Write out the listing below exactly, and omit any images you find in it.

§ **Supplied material**
------------------------------------------------------------------------

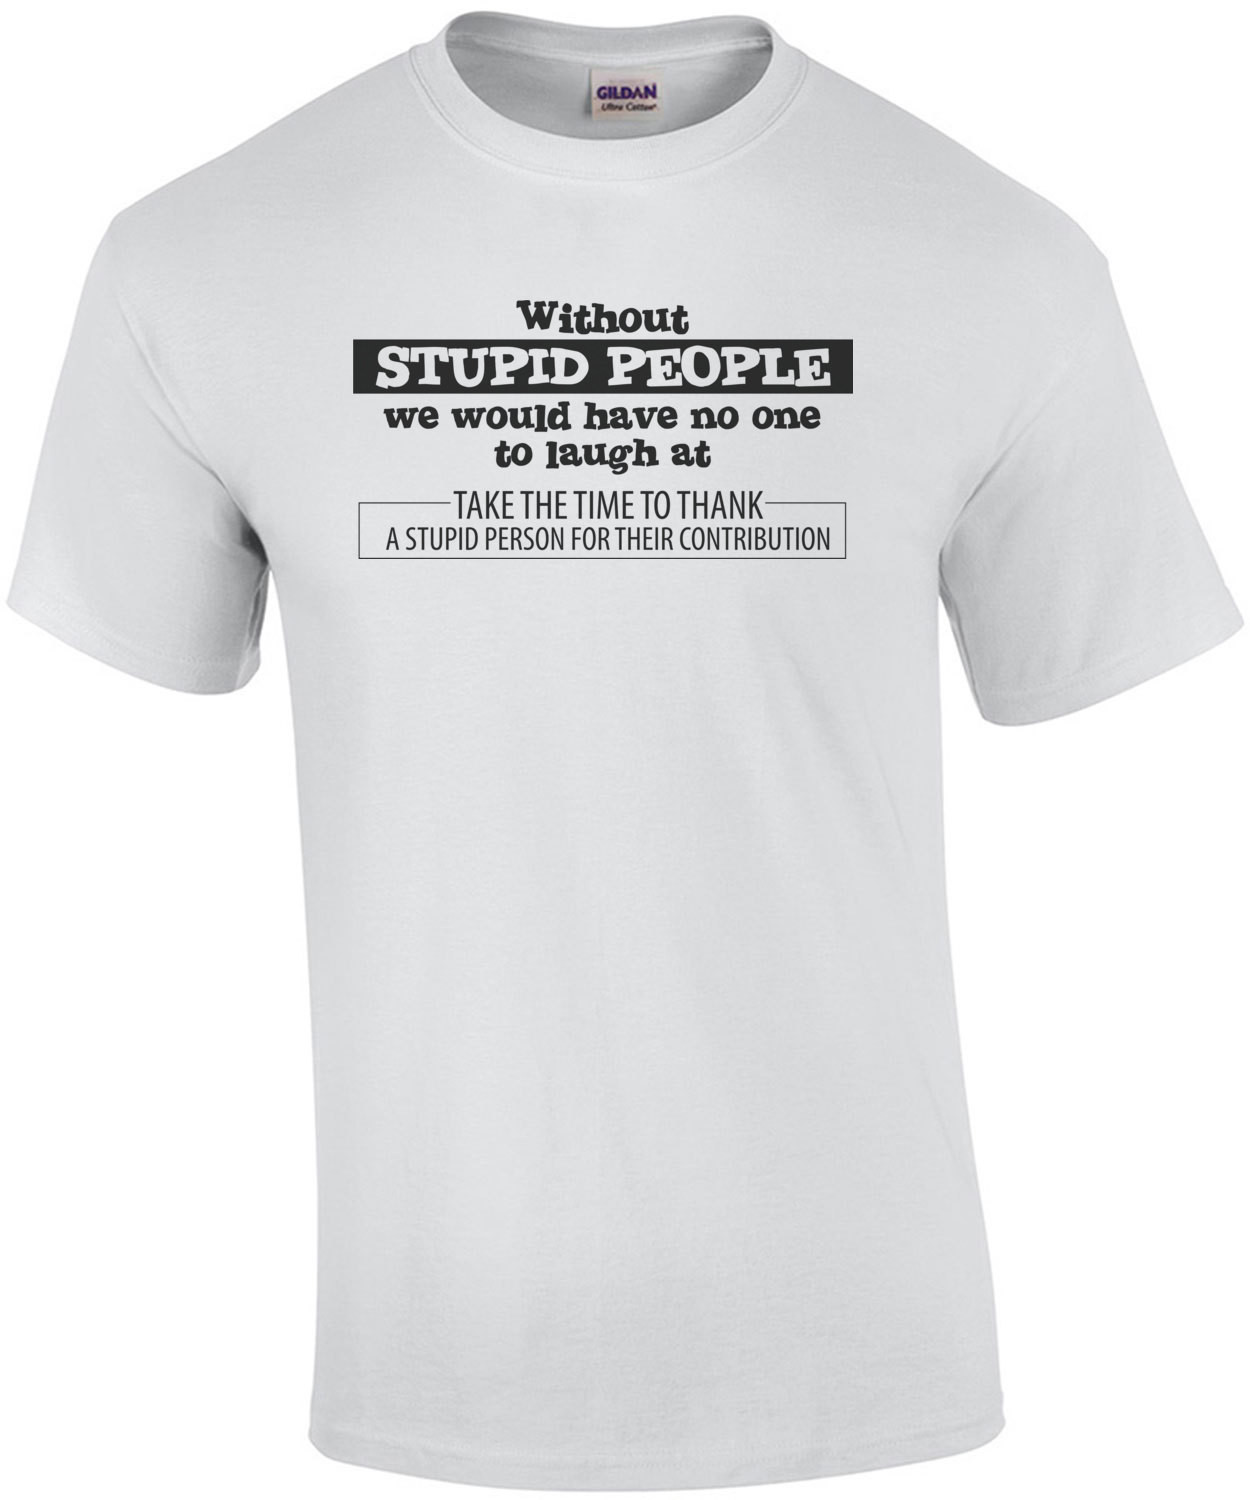 Without Stupid People we would have no one to laugh at. Funny T-Shirt
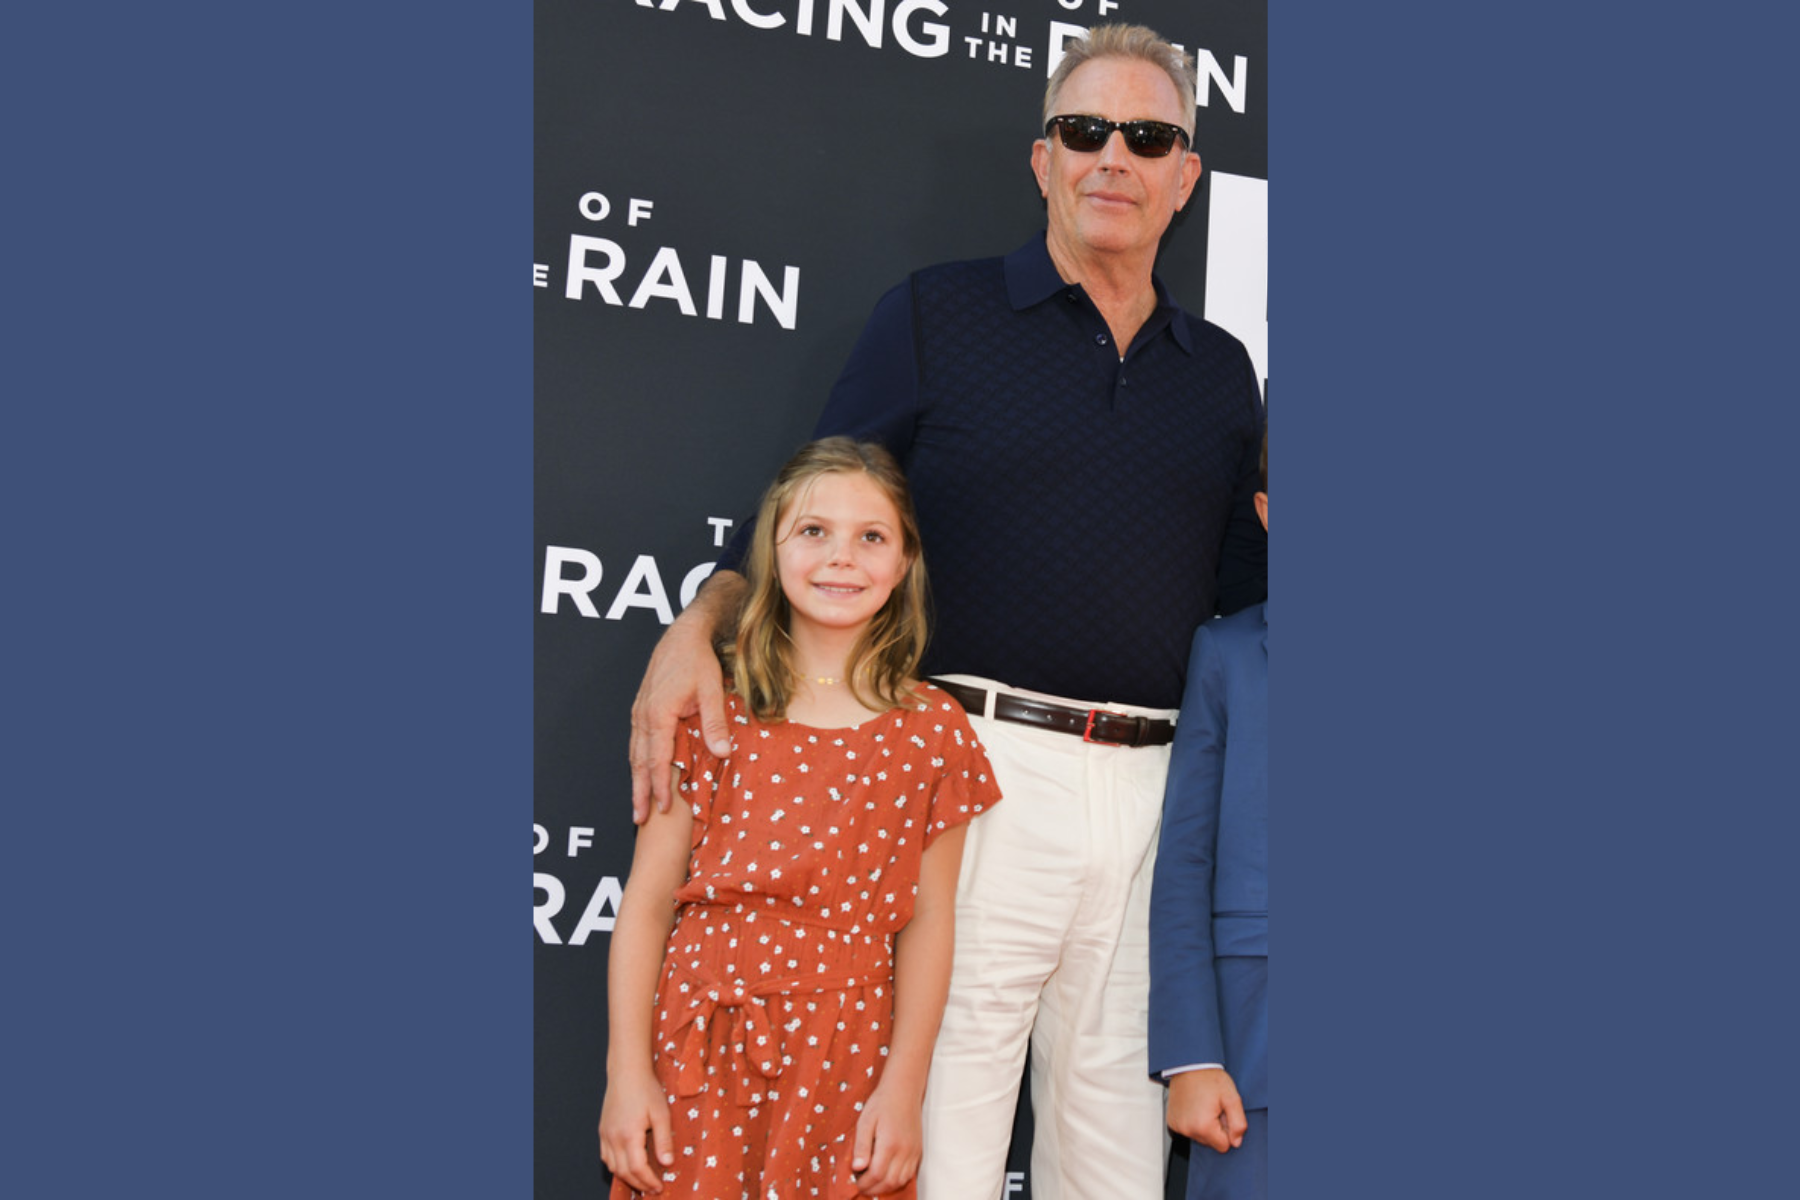 Grace Costner poses for a photo with his father by her side at an event
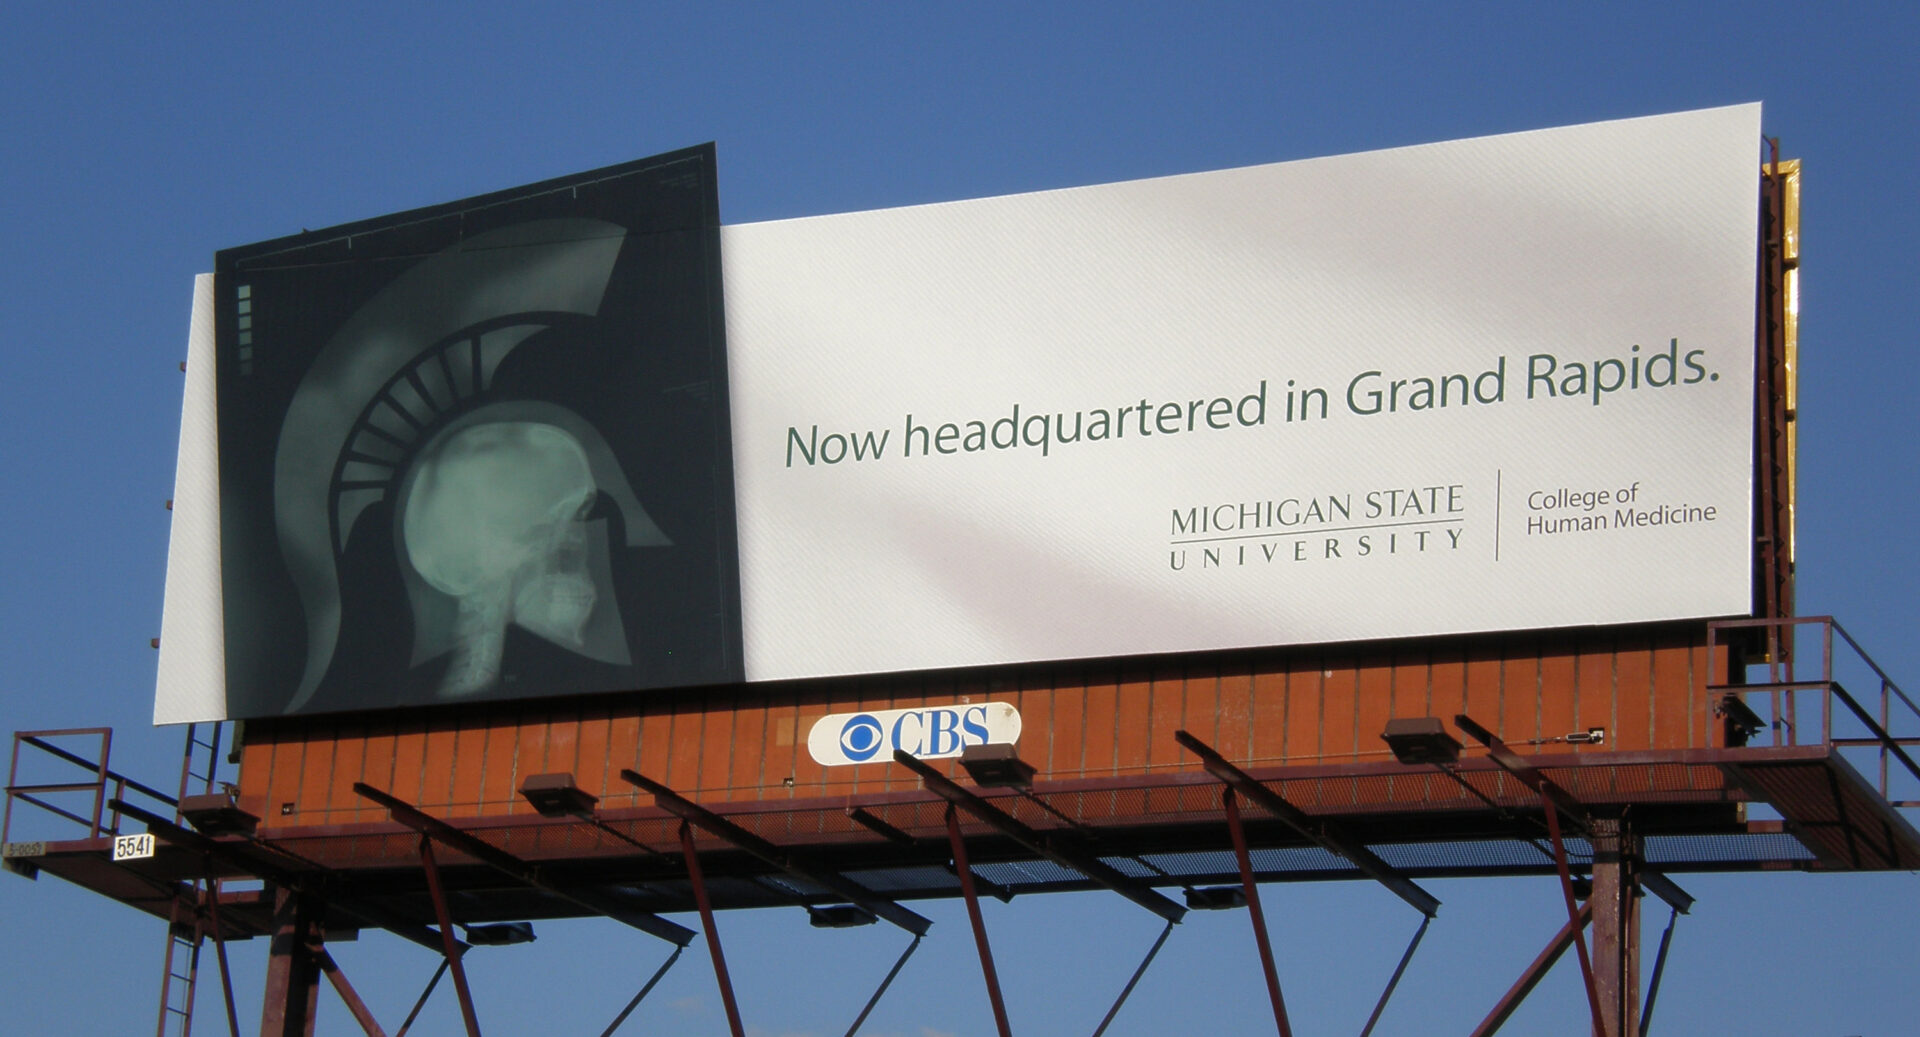 "Now headquartered in Grand Rapids." out of home bulletin.

------------------------------------------------------------------------

§ **Task response**
 Without Stupid People we would have no one to laugh at. Funny T-Shirt
 Grace Costner poses for a photo with his father by her side at an event
 "Now headquartered in Grand Rapids." out of home bulletin.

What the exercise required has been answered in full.